In 1951 she bought her own place, a restaurant and bar called Charles Seafood, in the 1700 block of N. Charles St., which she soon renamed the Wigwam. It was, at times, a rowdy place. By the 1970s, city police reported 82 calls in an eight-month period to the Wigwam, and the city liquor board threatened to close it.

About that time, Mrs. Martin bowed to neighborhood pressure for improvement of her establishment. She brought in her children to oversee the business. They took down the Wigwam sign, renamed the spot Club Charles, brought in decorator Vince Peranio and aimed for a younger, more affluent clientele.

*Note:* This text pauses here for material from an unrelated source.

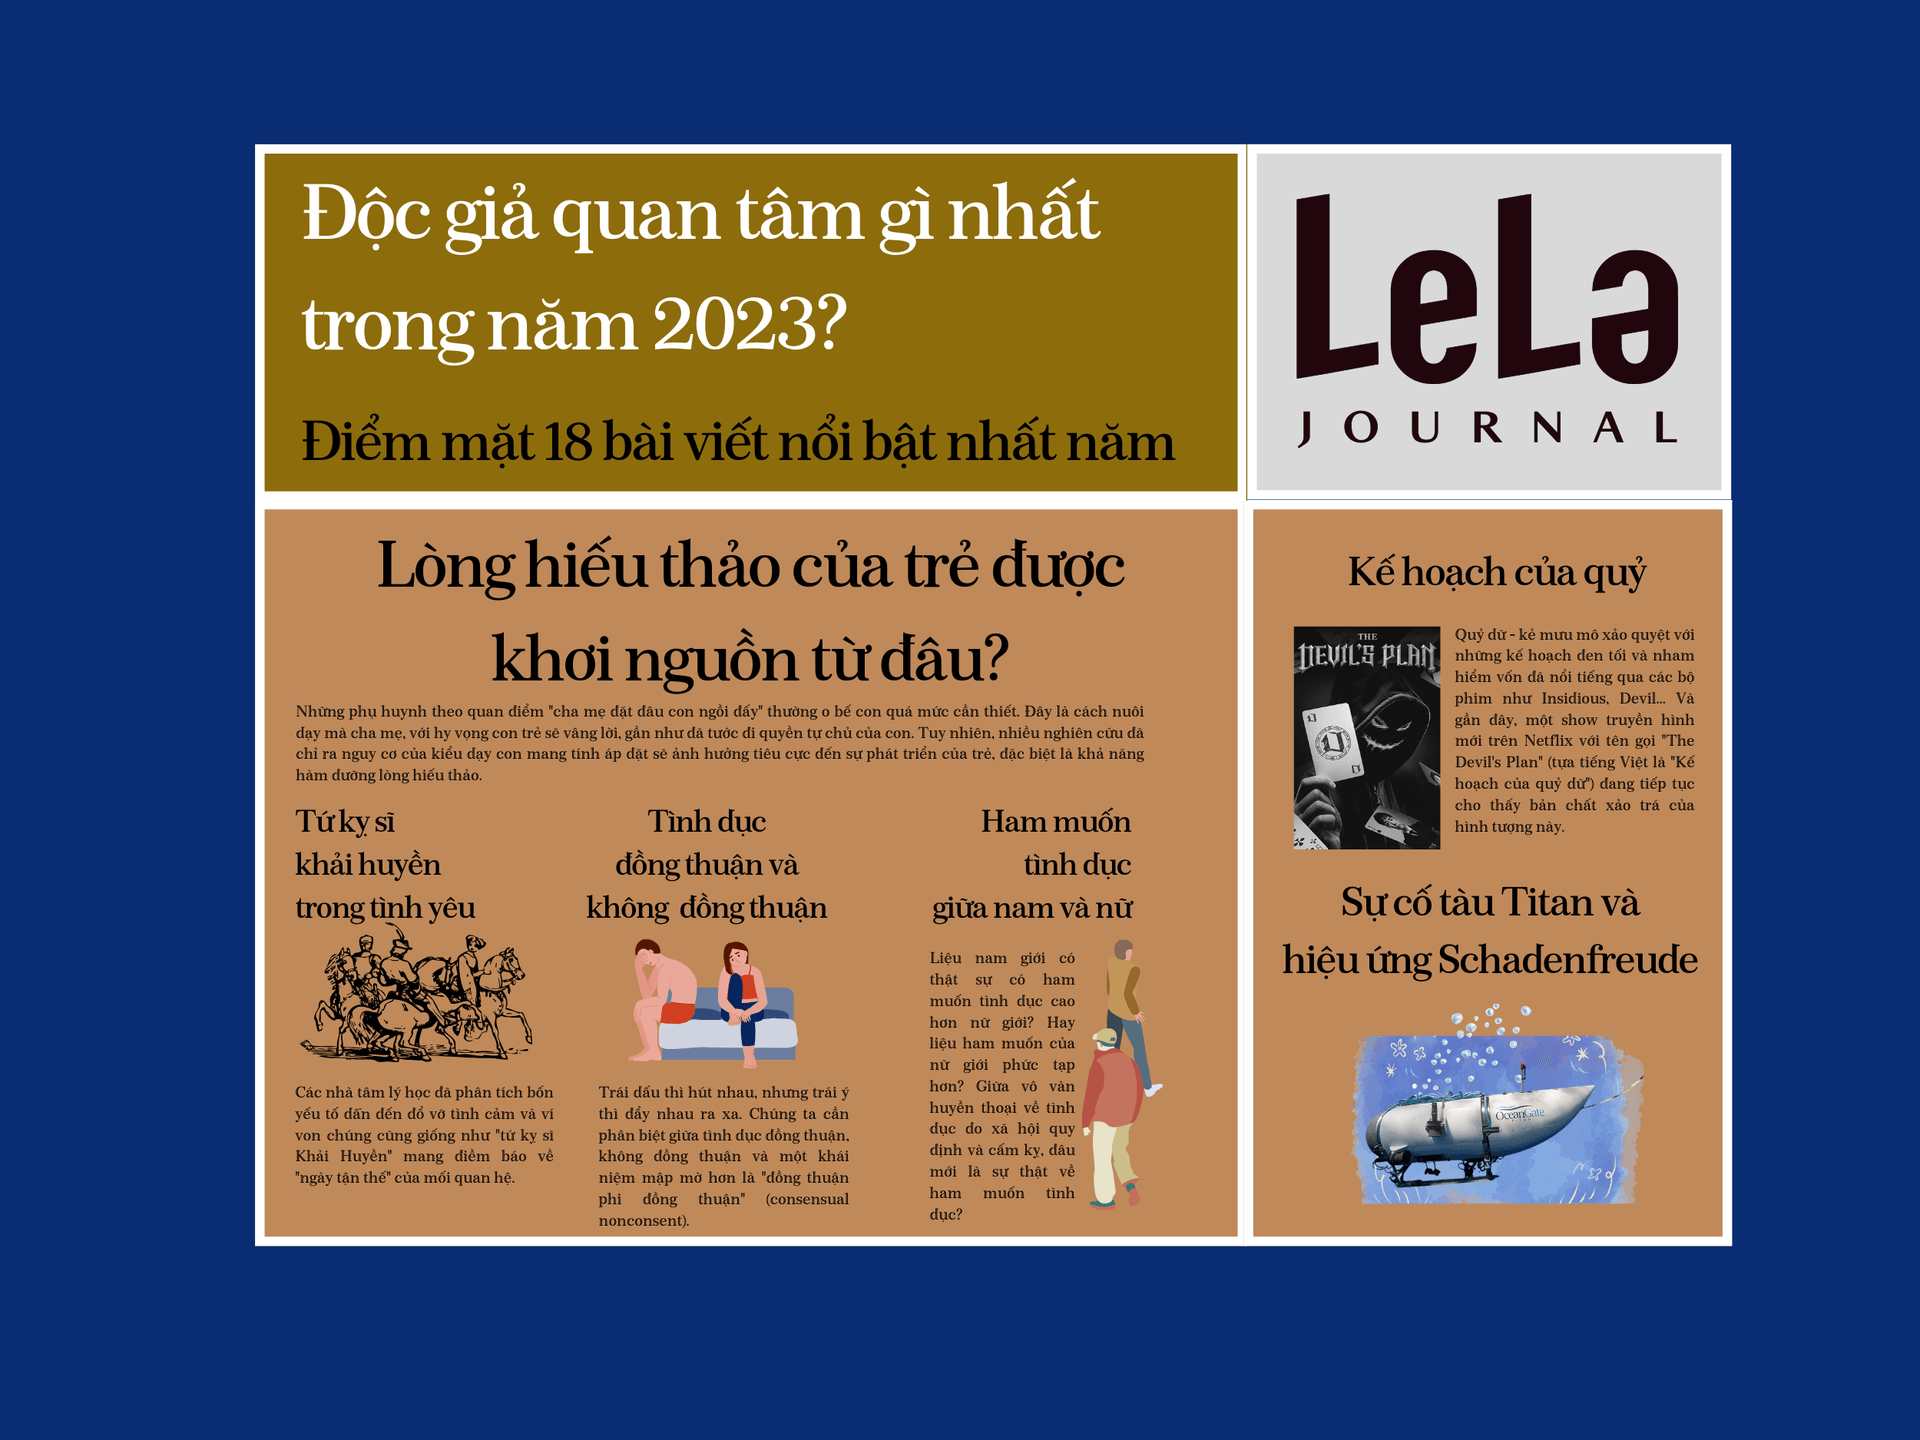 Một năm qua, độc giả LeLa Journal quan tâm điều gì nhất?
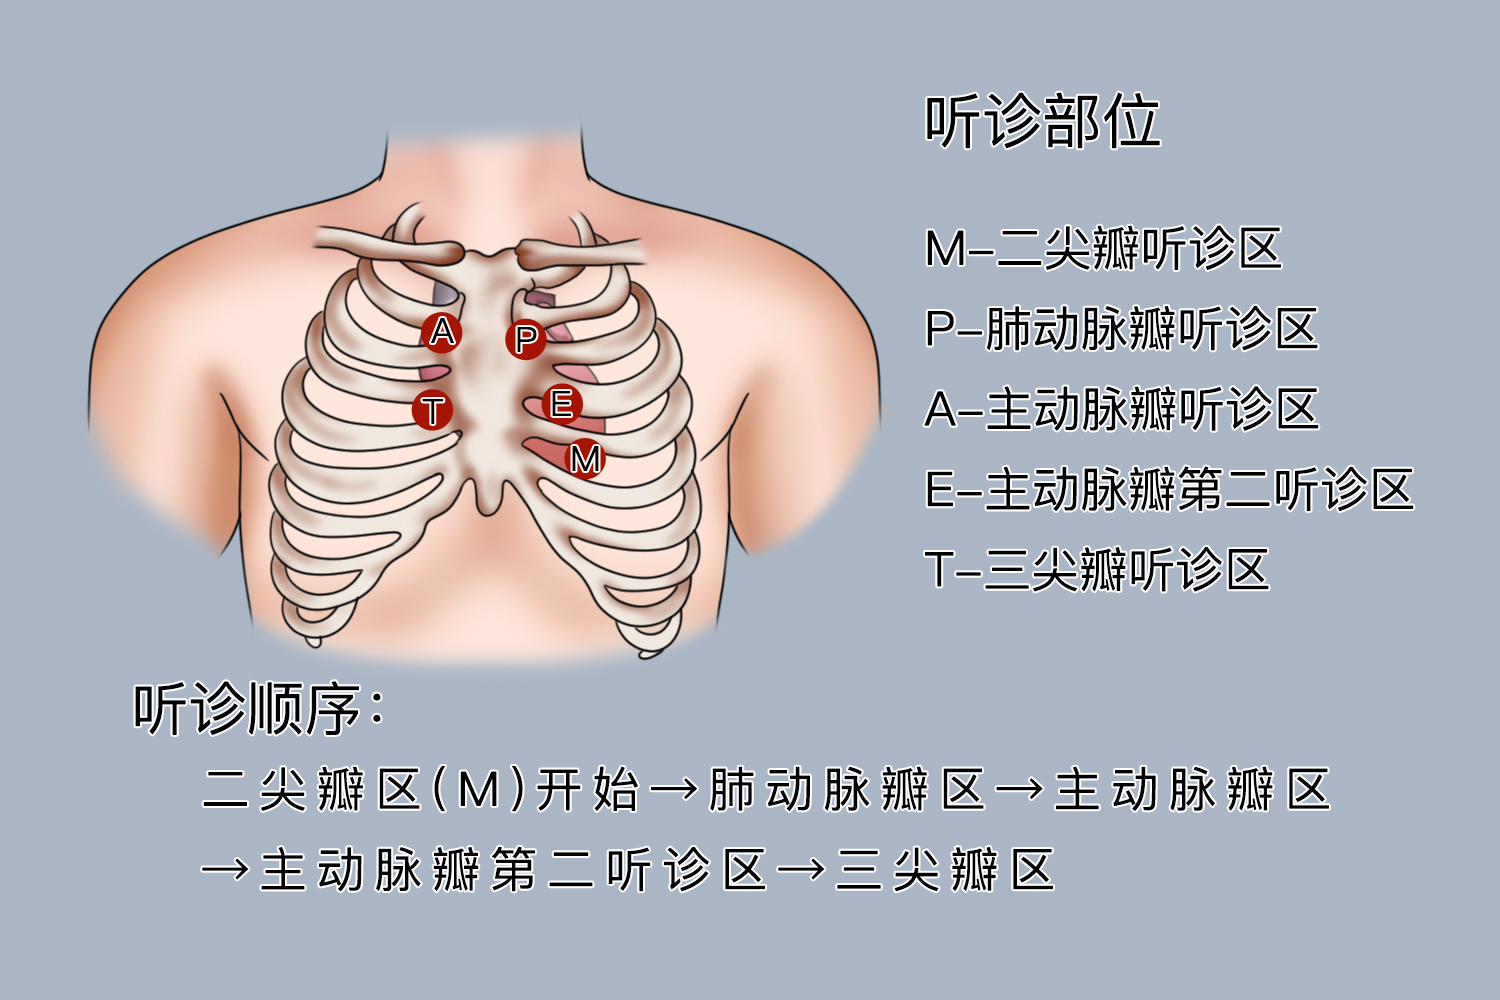 肺部听诊6个部位图片

“What a great Baltimore character she was, a tough lady with a heart of gold,” said filmmaker John Waters, a frequent visitor before and after the change. “When she owned the Wigwam it was the scariest bar in Baltimore,” said Mr. Waters. “It was the reverse of Studio 54 – you had to be scary or you wouldn’t be let in. It was so amazing how the scariest bar became the coolest bar. It’s been the anchor for the creative community in Baltimore. I loved talking to her. … She had one of the wildest, foulest mouths. She was the kind of Baltimore character that is getting rarer and rarer. She was an inspiration to me.”